Giter Club home page Giter Club logo

poemcoloc's Introduction

POEMColoc-rpackage

Implements POEMColoc colocalization method described in King et al. 2020. This method is based on the coloc R package, but takes as input datasets that may have full summary statistics, or may have summary statistics for a single top SNP.

Install

From R install dependencies

install.packages("coloc")
if (!requireNamespace("BiocManager", quietly = TRUE))
    install.packages("BiocManager")
BiocManager::install("SeqArray")

From command line install POEMColoc

git clone https://pig.abbvienet.com/kingea/POEMColoc-rpackage
cd POEMColoc
R CMD build POEMColoc
R CMD INSTALL POEMColoc_1.0.0.tar.gz

Vignette

Datasets

We have supplied example GWAS Catalog and GTEx eQTL datasets in this R package. The GWAS Catalog dataset comes from one row of the GWAS Catalog reporting a pleiotropic locus on chromosome 19 for multiple chronic inflammatory diseases from Ellighaus et al. Nature Genetics. The eQTL dataset is from GTEx whole blood eQTL for genes with summary statistics overlapping this locus. We have provided LD and minor allele frequency for these samples, and then later show how to do the same analysis using a reference panel.

library(POEMColoc)
data(gwas_stats)
data(eQTL_stats)
data(R2)
data(MAF)

Colocalization for two datasets

Compute colocalization between the GWAS association and PDE4A whole blood eQTL.

PDE4A <- eQTL_stats[["ENSG00000065989.11"]]
PDE4A_coloc <- POEMColoc(gwas_stats, PDE4A, R2= R2, MAF=MAF)

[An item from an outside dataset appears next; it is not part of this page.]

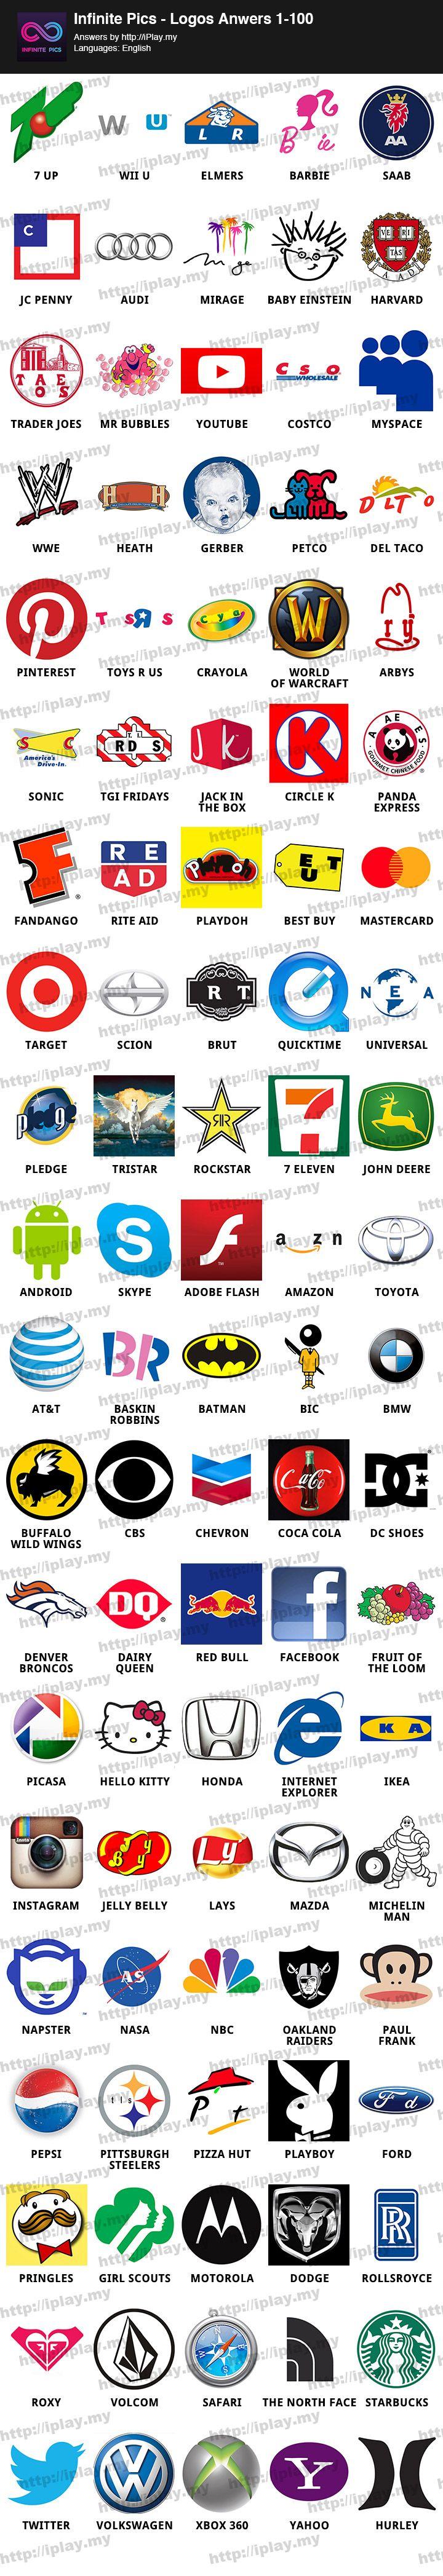 100 Pics Answers Logo - Infinite Pics – Logos Answers | iPlay.my

Notice that we get a list of colocalization results available with one element. We can look at the hypothesis posterior probabilities

PDE4A_coloc[[1]]$summary

Colocalization for one GWAS dataset with multiple overlapping QTL

POEMColoc can also accept a list of datasets as the second input. Compute colocalization between the GWAS association and all overlapping QTL.

all_coloc <- POEMColoc(gwas_stats, eQTL_stats, R2= R2, MAF=MAF)

We get back a list of colocalization results of the same length as eQTL_stats. This approach does not improve computational time when we supply R2 and MAF to the function, but it's advantage when using a reference panel will be discussed in the following sections. We can extract colocalization probabilties by gene like this

sapply(all_coloc, function(x) x$summary["PP.H4.abf"])

Colocalization using a reference panel

Download 1000 genomes reference panel for chromosome 19. Also download sample info.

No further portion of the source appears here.